Leek and potato with wild garlic soup for a first course; although in reality it was more garlic soup with a little bit of leek and potato.  Miniature Wargames new May edition first and a look at their Forward Observer review section.  Firstly, review of the new Osprey Outremer: Faith and Blood rules, for Crusades skirmishes using between five and ten figures a side, which strike me as being too few (surprisingly) so I will pass on these, despite the fact that I have some painted figures for the First Crusade, done for a Society of Ancients game some years ago.

The problem

The solution?

Far more interesting was a review of a paint station which, at two feet long might, hold a lot of rubbish cluttering my desk.  One side of my desk is a complete tip (actually so is the other side) but this has racks for paint brushes, drawers and lots of space for paint. I bunged off an order to Always Hobbies and hope the reviewers claims that it was easy to assemble will prove accurate!

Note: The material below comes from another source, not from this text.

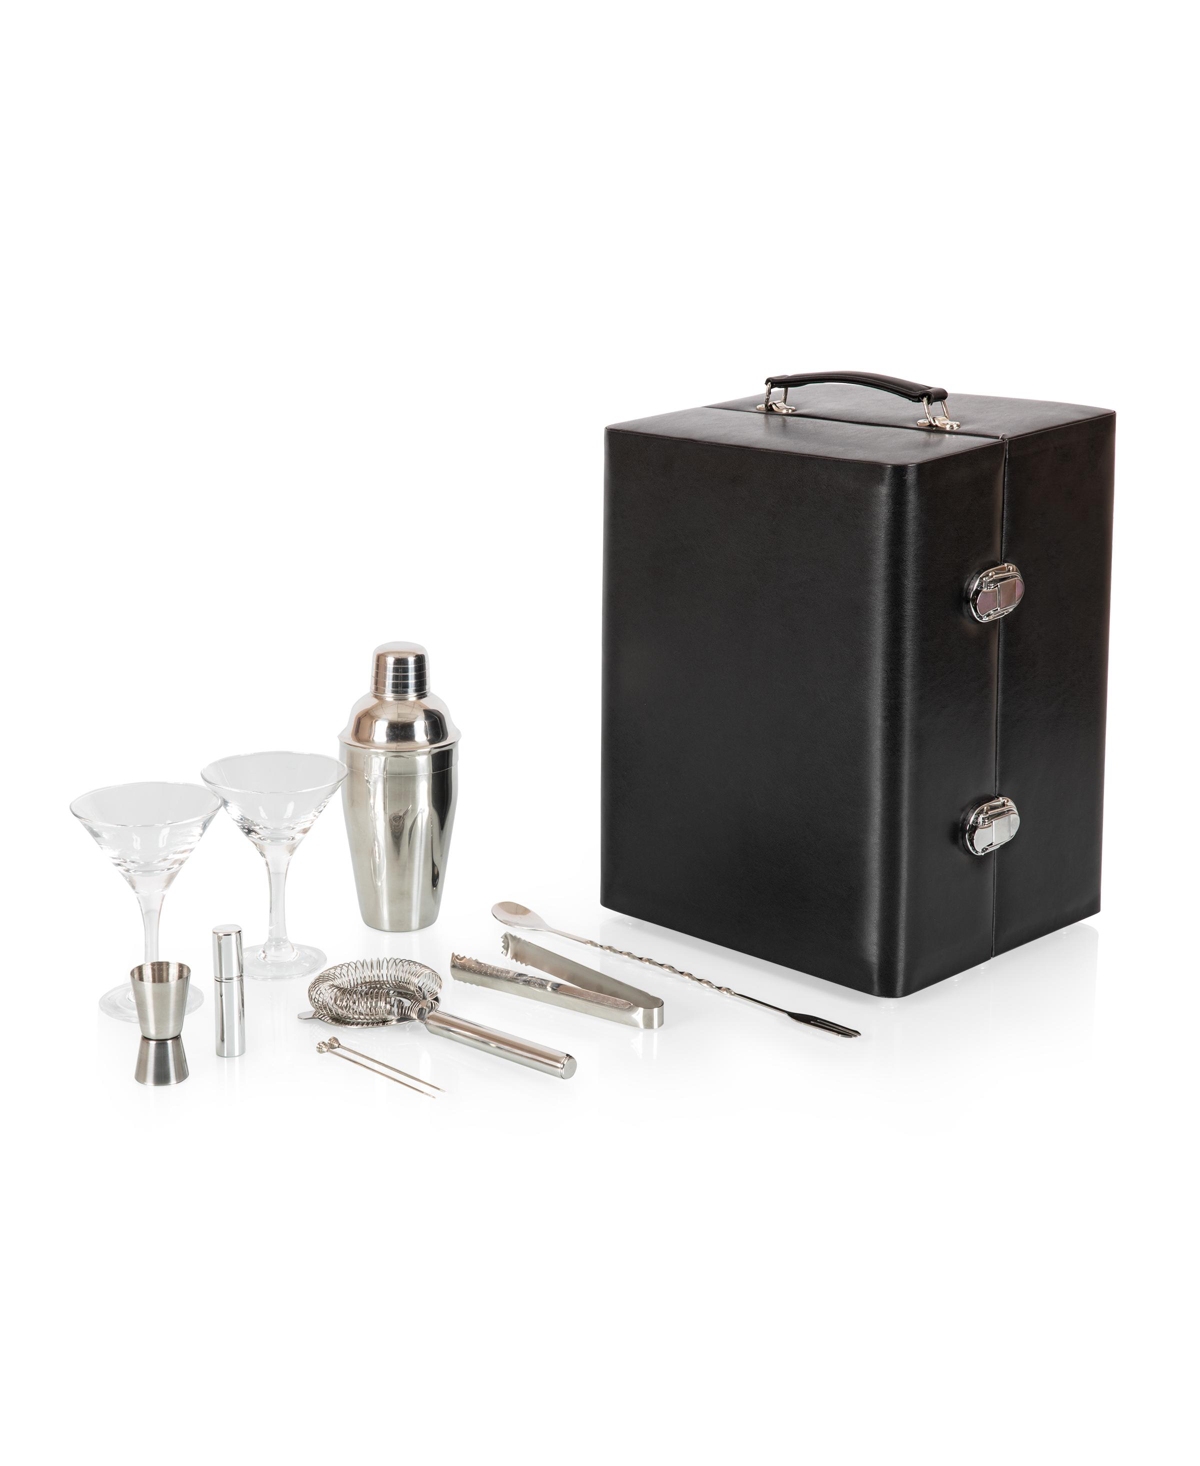 Legacy by Picnic Time Manhattan Cocktail Case and Bar Set - Black

Picnic girl by Ron Cobb for Mayfair July 1972

Many articles in wargames magazines have tried to categorise the different tribes of players and Conrad Kinch had a go, this month too, looking at their motivation.  In a way, these pieces remind me of those articles you used to get in Mayfair, which would examine the different characteristics of 'birds' in the early seventies; country set girls, librarians, air hostesses, secretaries, au pairs, etc.   These were usually illustrated, falling out of their clothes, by Ron Cobb who would go on to do concept art for films like Alien and Total Recall. None of them look like wargamers, of course!  Kinch's categorisation had four types: Socialite - who games to meet up with people (definitely not me), The System Master - who loves mastering the rules so they can win at all costs (not me either), The Daytripper - inspired by history, films or TV (that is me) and The Craftsman - who likes painting figures, making scenery and devising scenarios (a bit me).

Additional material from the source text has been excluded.